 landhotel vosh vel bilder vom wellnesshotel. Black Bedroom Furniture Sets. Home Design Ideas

• • •

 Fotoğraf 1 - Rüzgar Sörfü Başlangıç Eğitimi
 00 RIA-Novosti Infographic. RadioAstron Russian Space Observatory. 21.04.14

• • •

▶ **TASK DESCRIPTION**: Above are the entries. Copy exactly the part that opens with the line containing "Fotoğraf 1 - Rüzgar Sörfü Başlangıç Eğitimi" and closes with the line containing "00 RIA-Novosti Infographic.", and no more.

▶ **TASK RESULT**:
 Fotoğraf 1 - Rüzgar Sörfü Başlangıç Eğitimi
 00 RIA-Novosti Infographic. RadioAstron Russian Space Observatory. 21.04.14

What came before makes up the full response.